# Homework Help: How Can I Find Displacement With Only Velocity and Angle

1. Sep 13, 2015

### noname2020x

1. (Ignore air resistance)
A rock is thrown 55% above the horizon at 30m/s. What is the horizontal displacement of the rock when it hits the ground?

2. Can only use vf^2=vi^2+2ad and sohcahtoa

3. Would it work to first draw a vector triangle and find the vertical velocity vector only.
Then use vf^2=vi^2+2ad to find the displacement of the rock (vertically) by using vf=0 and vi as the vertical velocity calculated and -9.8 as acceleration.
Then calculate horizontal displacement and multiply by 2?

Thanks!

2. Sep 13, 2015

### BOAS

This question, as you have correctly deduced is essentially one of "hang time".

For how long is the rock in the air, allowing it to travel horizontally?

3. Sep 13, 2015

### noname2020x

Cool.So I'm going about solving it the right way?

Also, in the beginning I didn't mean % I meant degrees haha.

4. Sep 13, 2015

### BOAS

From what you have said, I think you're on the right tracks. Post your working if you wish me to take a look.

5. Sep 13, 2015

### noname2020x

Here is the basic outline.

#### Attached Files:

• ###### 20150913_135924.jpg
File size:
50.9 KB
Views:
142
6. Sep 13, 2015

### SteamKing

Staff Emeritus
In projectile motion, the initial launch angle does not remain constant, because the projectile's vertical velocity is being reduced by the effect of gravity.
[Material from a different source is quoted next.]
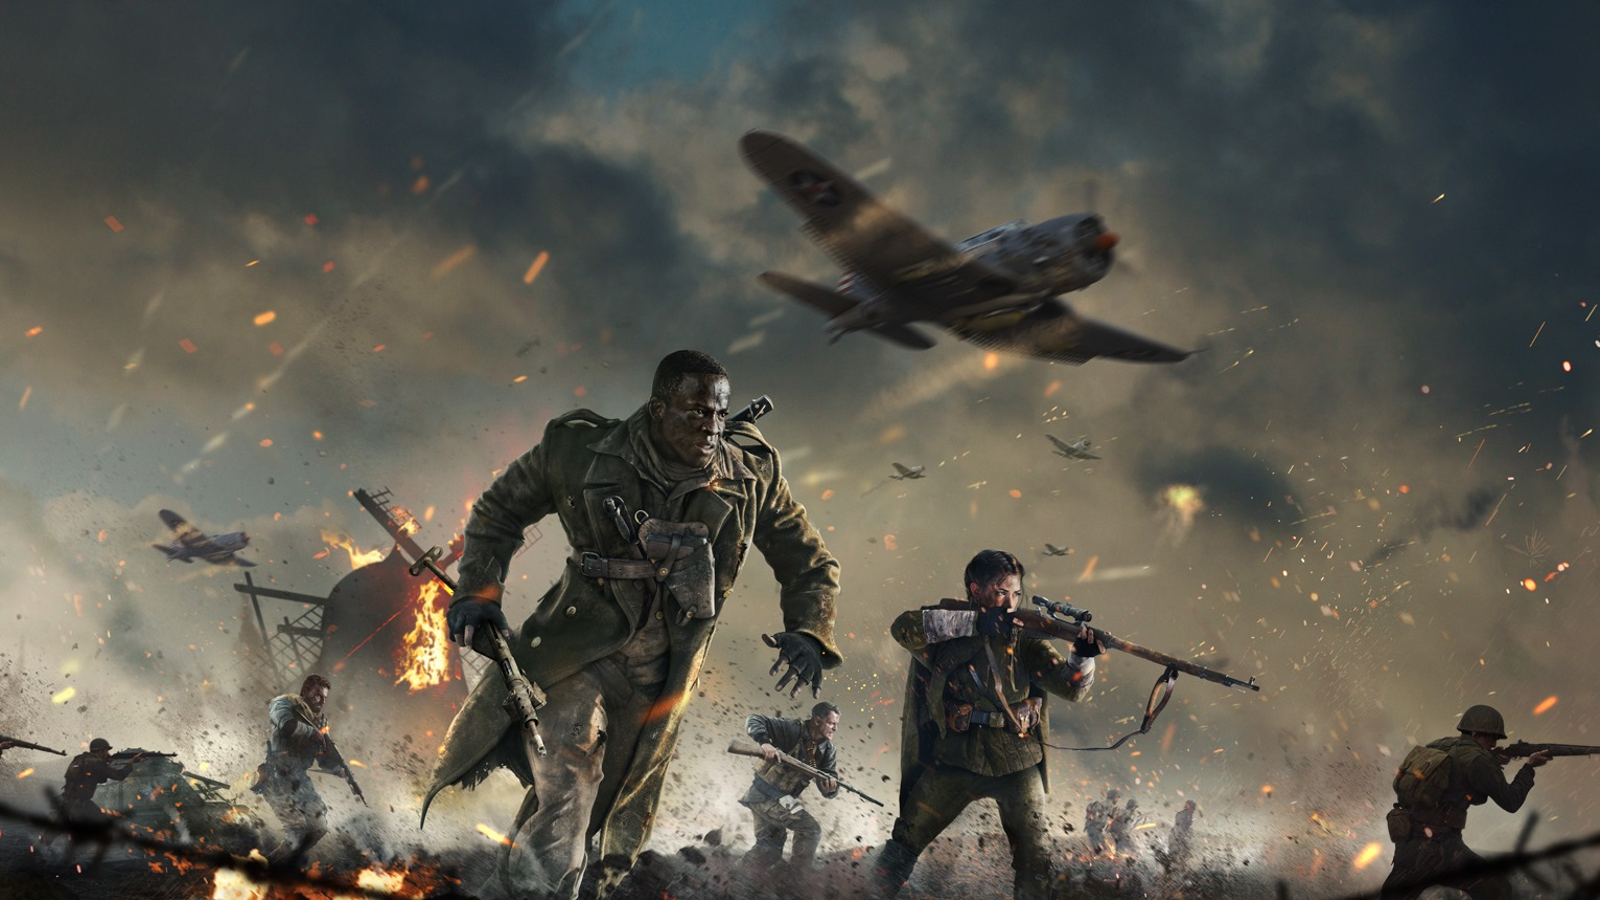 Versão para PC de Call of Duty: Vanguard ganha trailer e pré

What you want to do is find out how long it takes after launch for the projectile to stop rising vertically, and begin to fall back to earth.

7. Sep 13, 2015

### noname2020x

That is what the vf^2=vi^2+2ad is for. I am isolating the vertical velocity vector to find vertical displacement.

8. Sep 13, 2015

### SteamKing

Staff Emeritus
You don't really need to calculate the vertical displacement, since you are really interested in calculating the horizontal displacement.
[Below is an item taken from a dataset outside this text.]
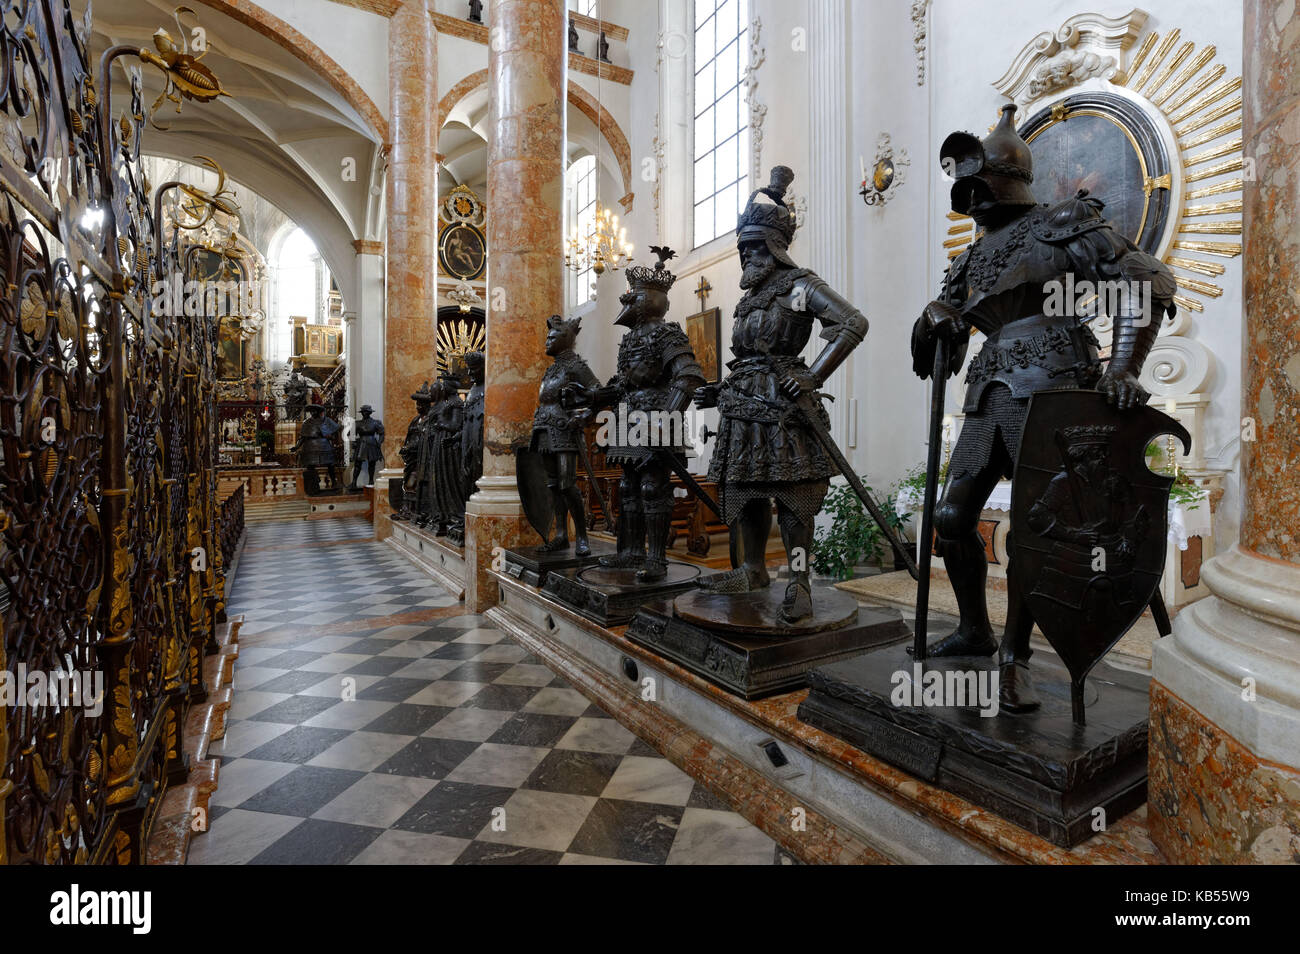 Austria, Tirol, Innsbruck, Hofkirche, 28 estatuas monumentales de bronce rodean la tumba del emperador Maximiliano I, el monumento imperial más importante de Europa Foto de stock

Finding the time the projectile remains aloft will allow you to calculate what the horizontal displacement is, however.

9. Sep 13, 2015

### noname2020x

How might that be accomplished?

Wouldn't this method still work?

10. Sep 13, 2015

### SteamKing

Staff Emeritus
Just think about what knowing the total time aloft means for figuring the horizontal travel distance of a projectile. If you know the total time aloft and the horizontal velocity of the projectile, then finding the distance traveled is a simple multiplication (assuming no resistance from the atmosphere).
It probably would, but you must do a lot of pointless calculations to reach the final result. It's like traveling sideways when you really should push straight ahead to reach your goal.

There are many example projectile calculations which you can find to study on the web (and on this site).

11. Sep 23, 2015

### noname2020x

If I do it with time the distance in the x-direction is twice as long (and actually accurate according to simulations)

Why isn't it working with my original calculations?

12. Sep 23, 2015

### SteamKing

Staff Emeritus
I don't know. I asked you to post your calculations, but I don't think I ever got to see your work.

One image you did post showed an initial velocity of 20, but a complete set of calculations was lacking.

This problem calls for the rock to be thrown with a velocity of 30 m/s at an angle of 55° above the horizon.